Have you looked into the MHC show in Columbus OH in June? This will be our third year there as a vendor. It is a great show that should have everything you are seeking.


----------



## afkeyboard (Nov 20, 2012)

Hey! 
Haunt Events Near You - 
Next Week:

*Haunt Flea Market*
www facebook com / events /881093585321450 /

August 6th and 7th:

*Haunt Faire*
www haunt-faire com


----------



## kuroneko (Mar 31, 2011)

Diabolik said:


> Have you looked into the MHC show in Columbus OH in June? This will be our third year there as a vendor. It is a great show that should have everything you are seeking.

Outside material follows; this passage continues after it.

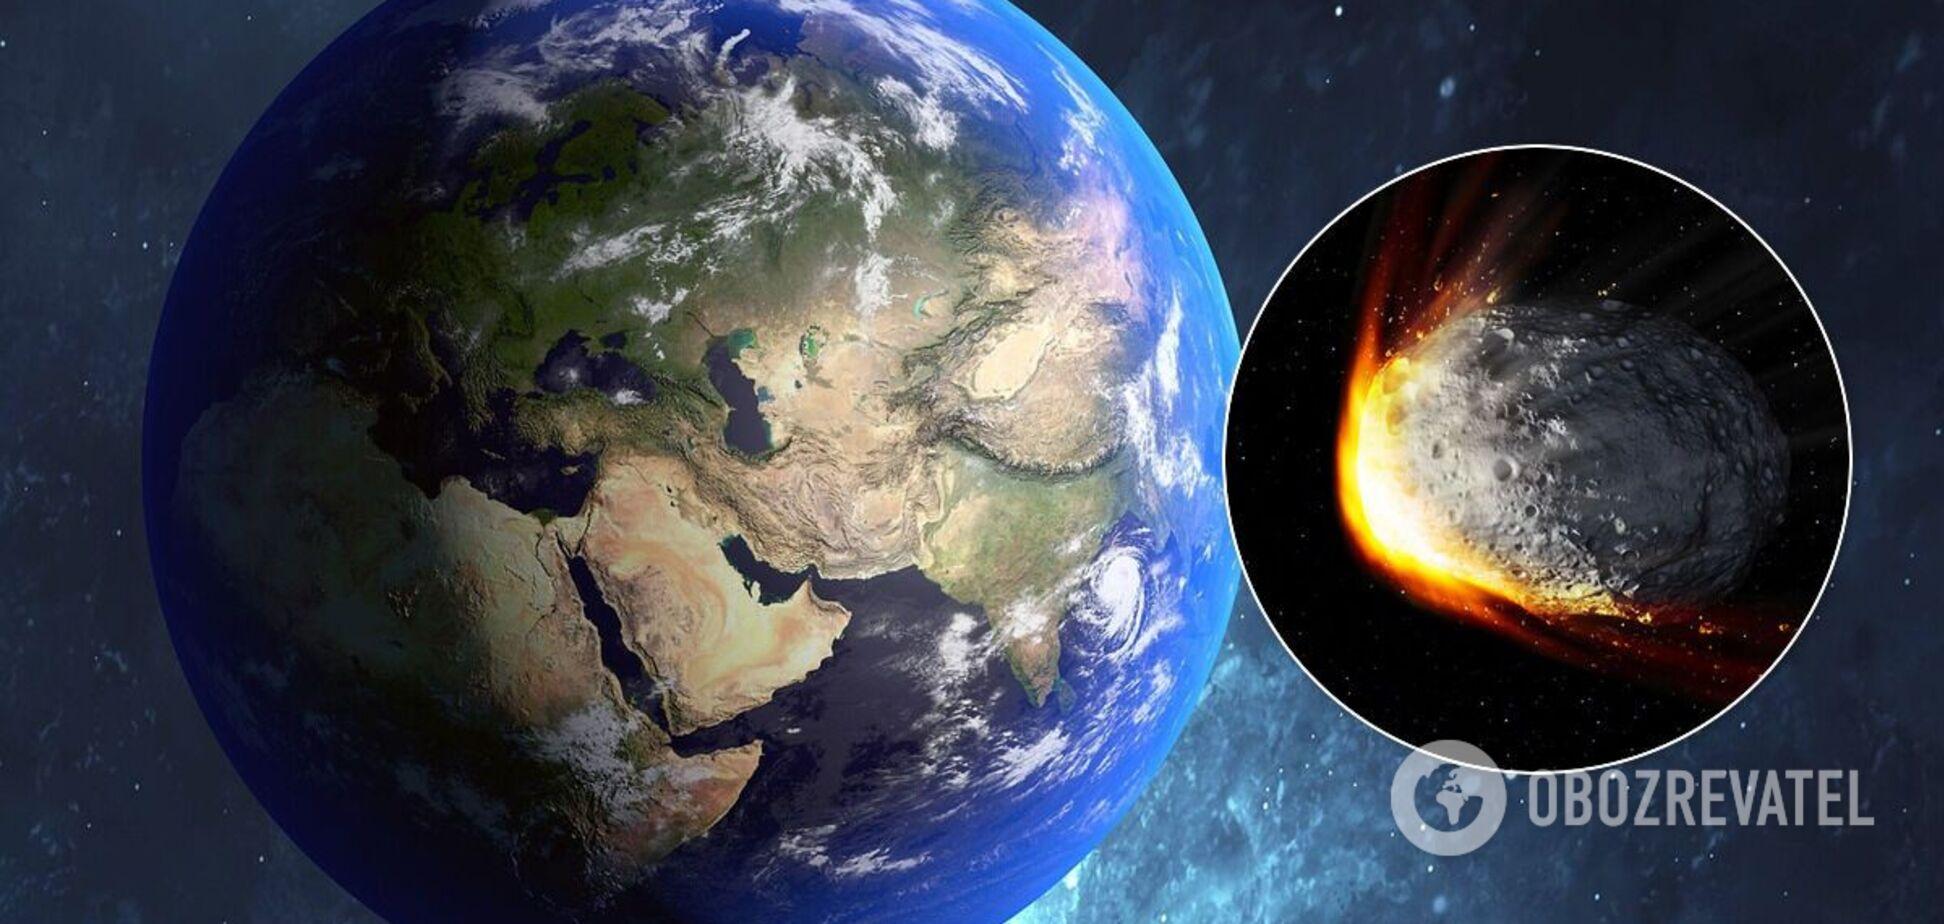 К Земле летит огромный астероид: в NASA назвали его опасным
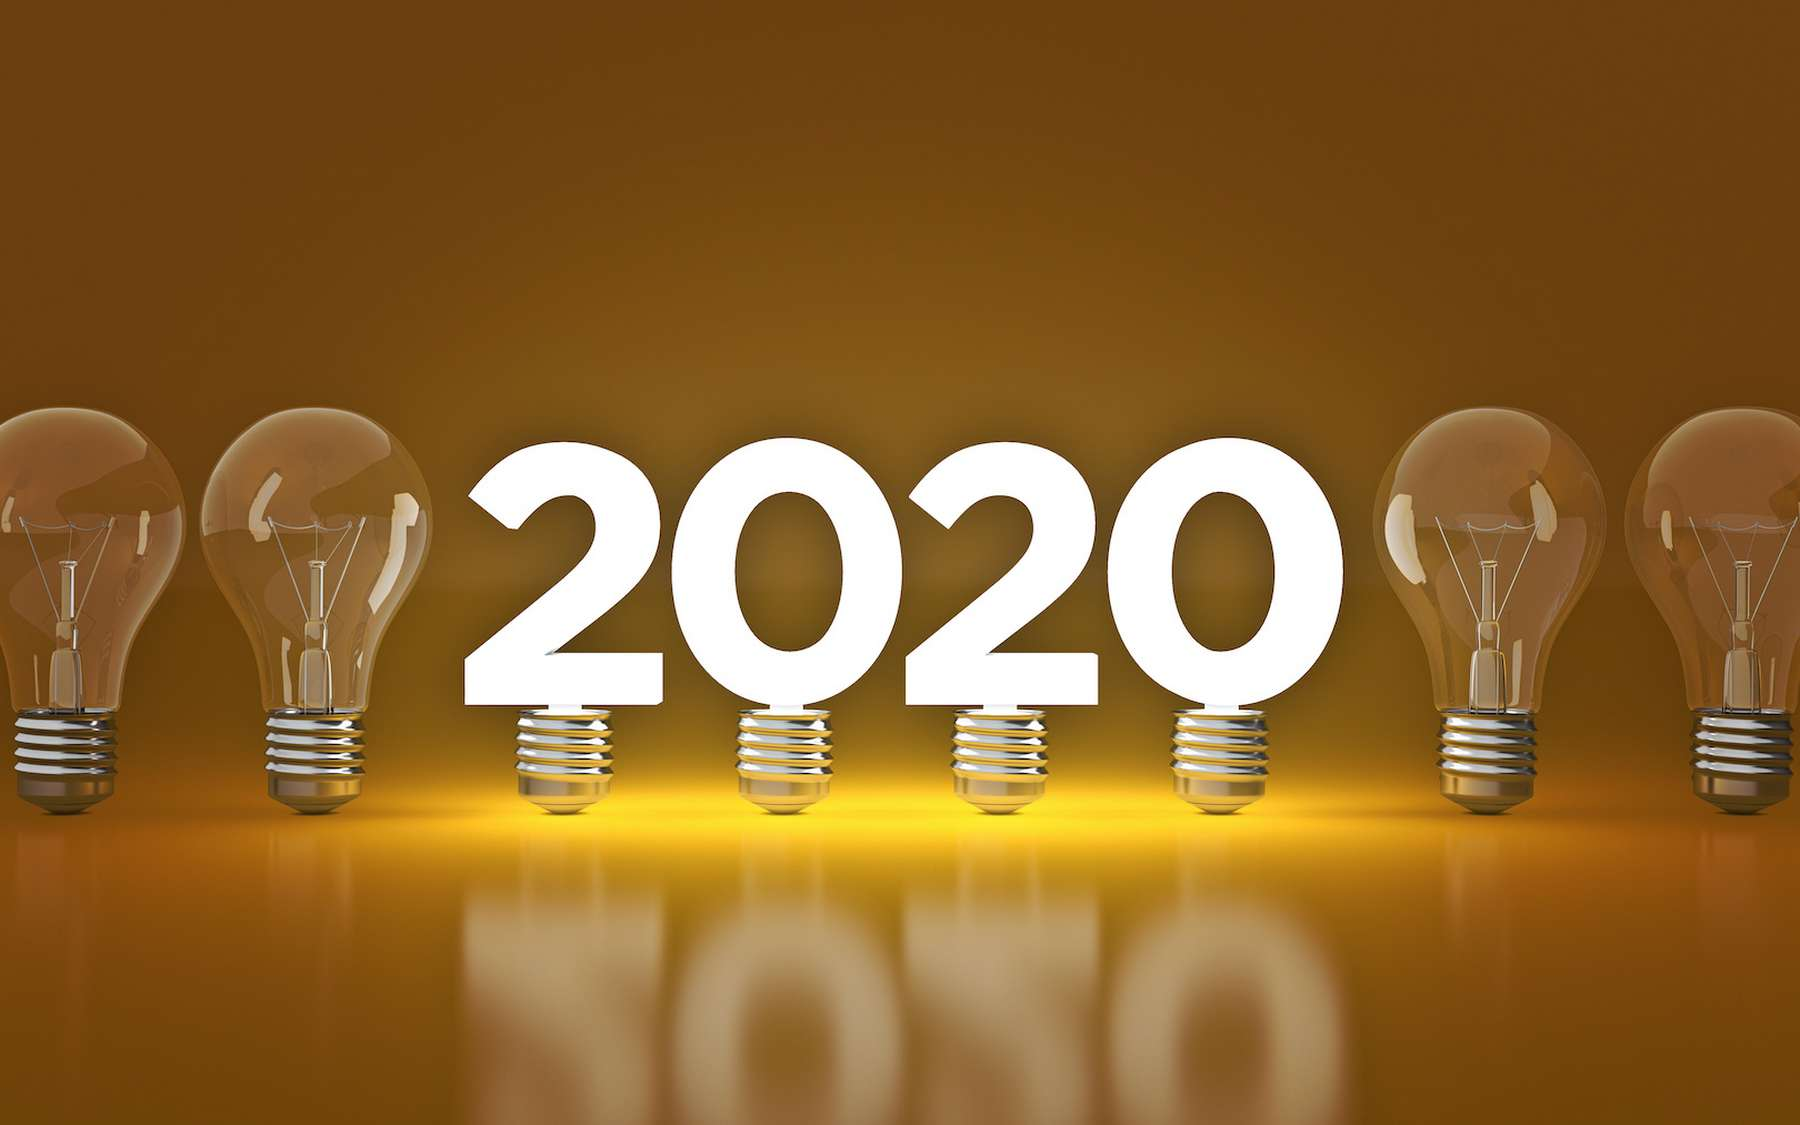 Les 10 meilleures inventions de 2020. © lchumpitaz, Adobe Stock

That would be awesome, but it is too far away for me.



afkeyboard said:


> Hey!
> Haunt Events Near You -
> Next Week:
> 
> ...


I've seen both and I have work both weekends those have been posted. I won't make it to Haunt Flea, but I do have Haunt Faire under consideration. If you guys didn't have it on the island, I'd totally go. I've had the great displeasure of having to drive out to Long Island for things and absolutely hating it.


----------